API Import Engine¶
Craft Easy ships with a built-in file-import engine that lives inside craft-easy-api itself. It turns a CSV, JSON, XML, or fixed-width file plus an ImportTemplate into real resources via the normal CRUD hooks, with full multi-tenant routing, validation, preview, retry of rejected rows, and soft-delete revert.
For bank reconciliation, scheduled SFTP polling, and stand-alone container deployment, see the craft-easy-file-import package instead. The two solve different problems — see that page for a decision matrix.
Concepts¶
An import in Craft Easy has three moving parts:
| Concept | What it is |
|---|---|
ImportTemplate |
The blueprint: what the source file looks like, what resource to create, how fields map, what validation to apply |
ImportRun |
One execution of a template against one file — holds progress, counts, errors, and the parsed preview |
RejectedRecord |
A single row that failed validation — the user can correct and retry it from the admin UI |
The engine is driven by ImportEngine (core/file_import/engine.py). Templates are stored in the import_templates collection, runs in import_runs, and rejections in rejected_records.
The two-phase workflow¶
Every import goes through validate → execute, with an optional preview step in between. This lets users see exactly what will happen before committing to changes.
upload file preview?
│ │
▼ ▼
┌──────────┐ ┌───────────┐
│ validate │────────────▶│ preview │────────────▶ diff
└──────────┘ └───────────┘
│
▼
┌──────────┐
│ execute │────────────▶ create / update / delete
└──────────┘
validate() parses the file, checks required columns, runs the field transformer on the first N rows (FILE_IMPORT_PREVIEW_ROWS, default 10), and persists the ImportRun with status="validated", preview rows, and any early errors. The file itself is stored in run.file_content so execution can happen later without re-uploading.
preview() computes the full diff without touching the database: how many rows would be created, updated, deleted, or skipped. Returns to_create, to_update, to_delete, to_skip, and sample rows.
execute() runs the actual import.
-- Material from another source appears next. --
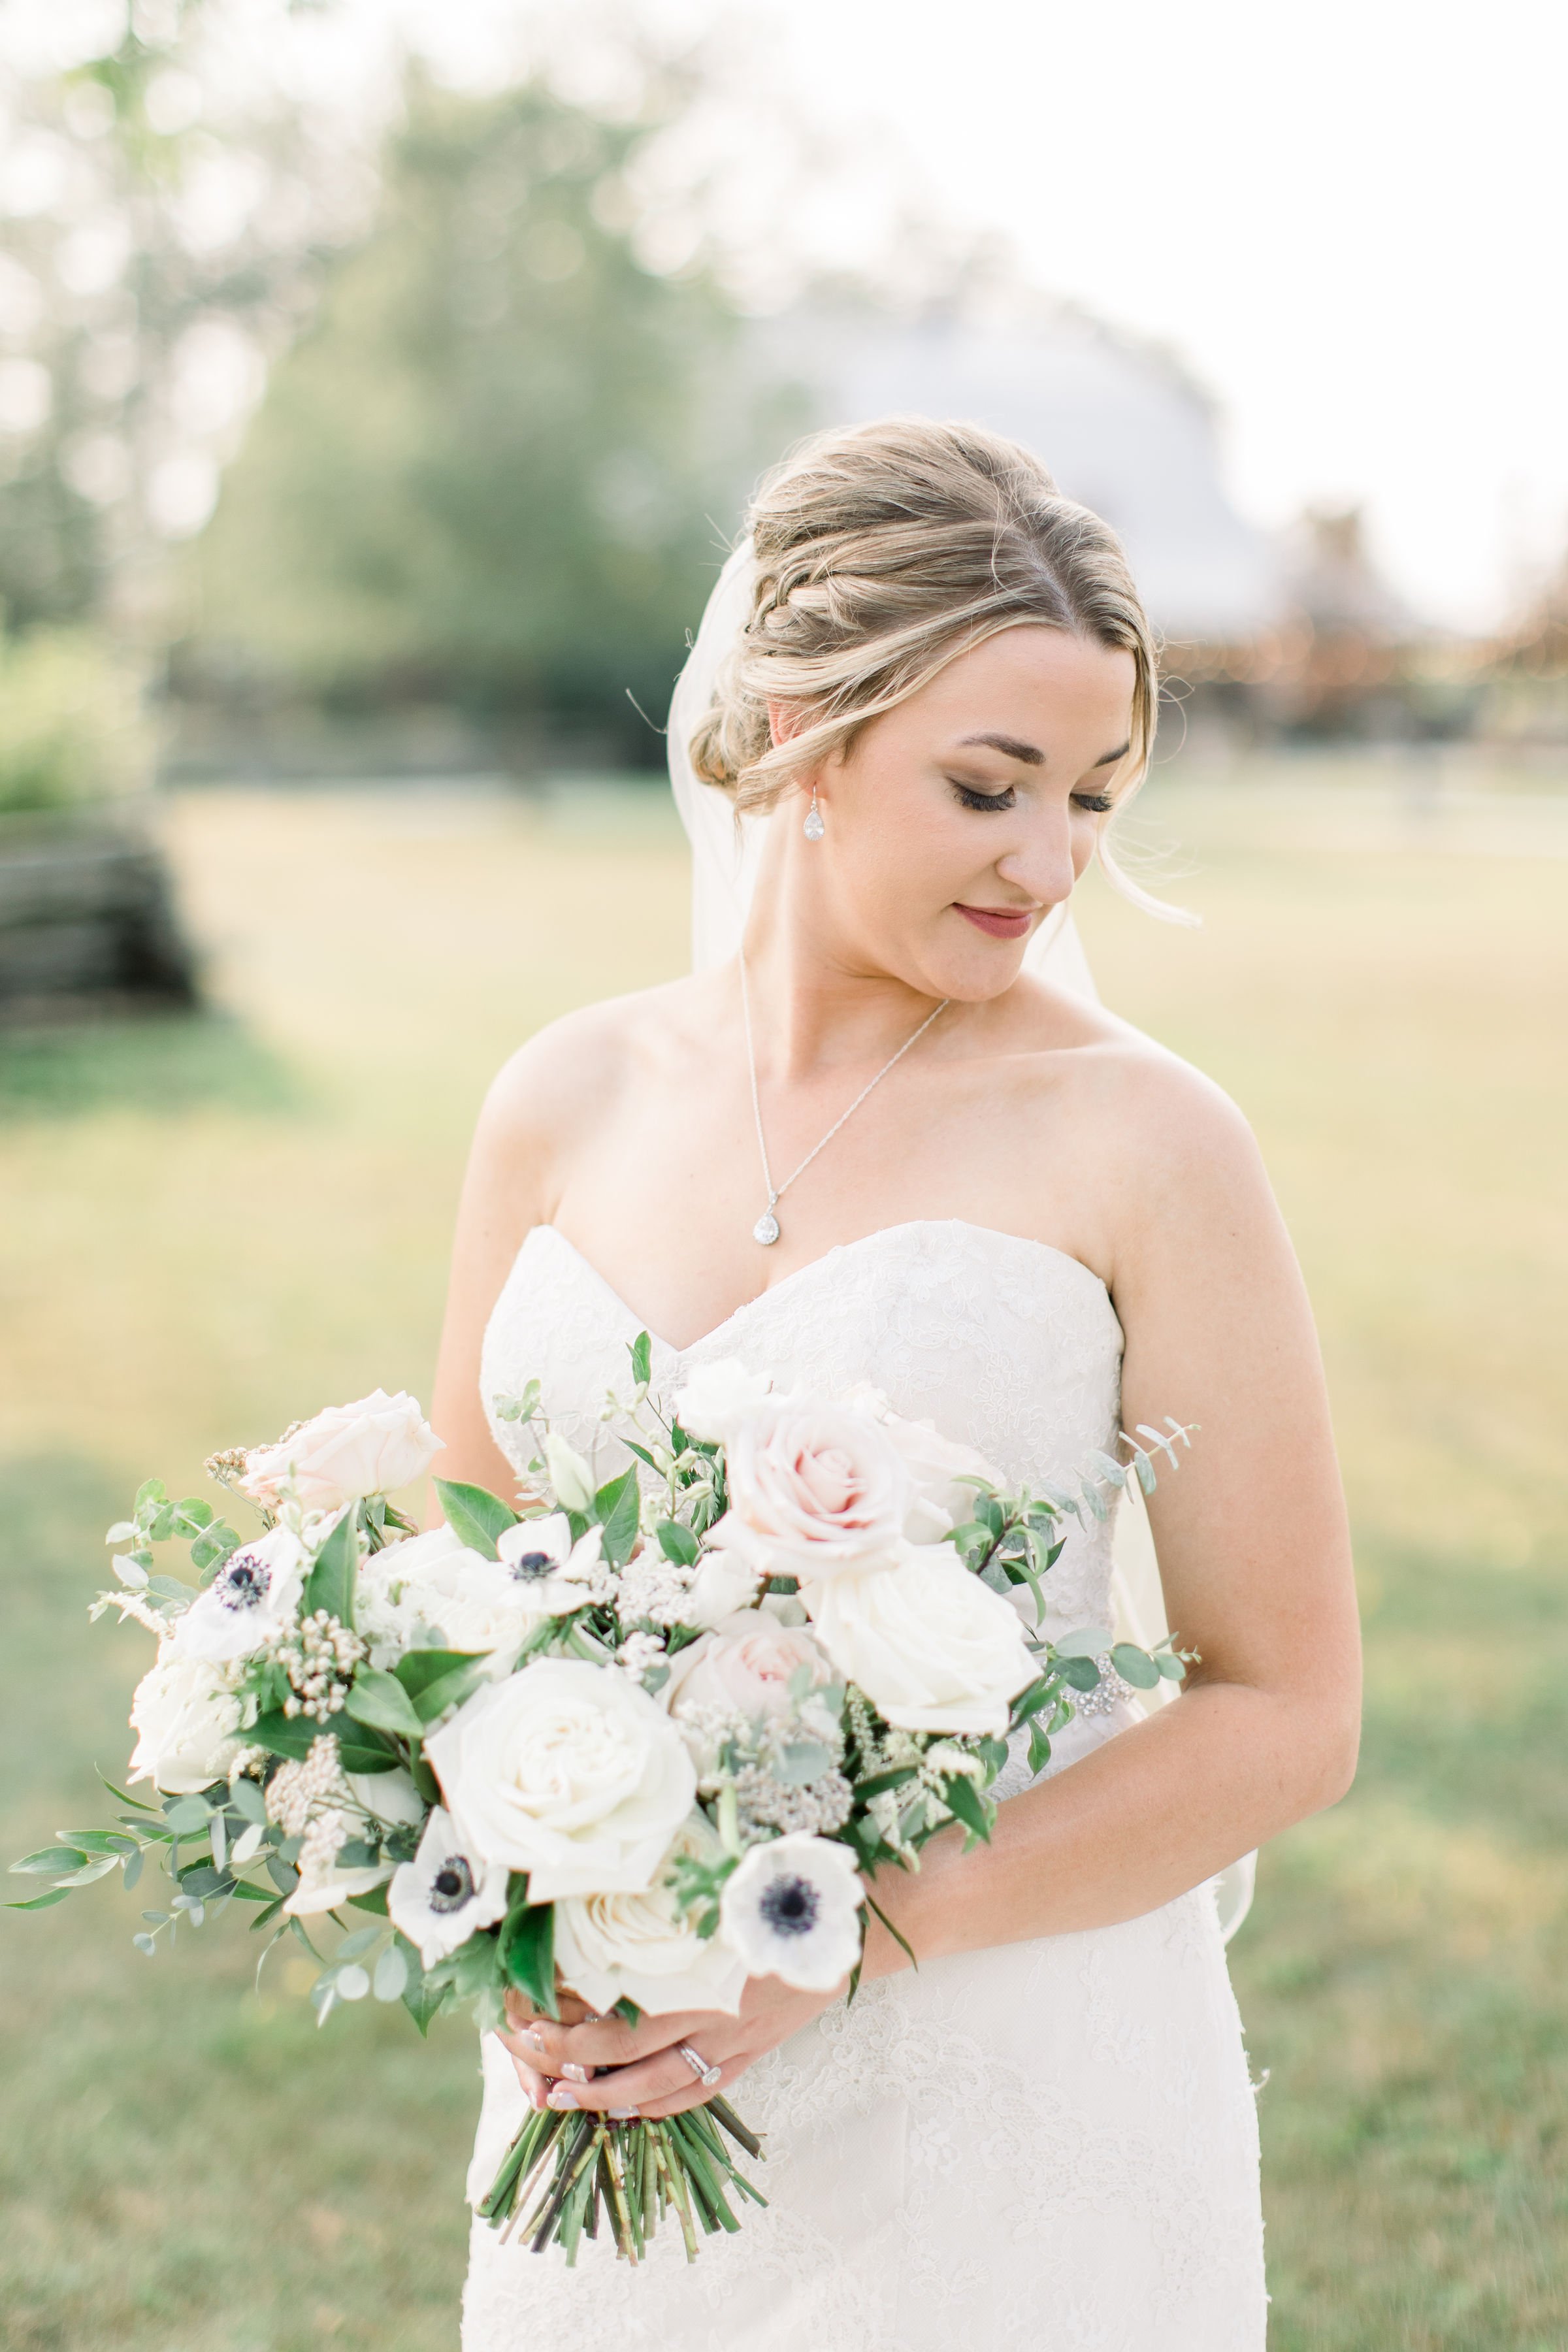  At an Ontario wedding, Chelsea Mason Photography captures a bride in a grass field looking down. summer wedding Ontario #StonefieldEstates #Ontarioweddings #Chelseamasonphotography #Chelseamasonengagements #Ontarioweddingphotographers

It processes rows one at a time, calls the configured CRUD hooks for each, saves progress every 100 rows, and ends with status="completed" (or failed).
Import modes¶
ImportTemplate.import_mode picks the behavior:
| Mode | Behavior | Requires |
|---|---|---|
append / create |
Every row becomes a new document. | — |
upsert |
Match existing documents by upsert_key; create if not found, update if found. |
upsert_key |
update |
Match by upsert_key; update if found, skip if not. |
upsert_key |
sync |
Treat the file as the source of truth: create new, update existing, soft-delete anything in the scope that is not in the file. | upsert_key, scope_filter |
sync is the destructive one — it's how "the master spreadsheet is always right" workflows should be modeled. Always set a tight scope_filter so you don't accidentally soft-delete records from other areas.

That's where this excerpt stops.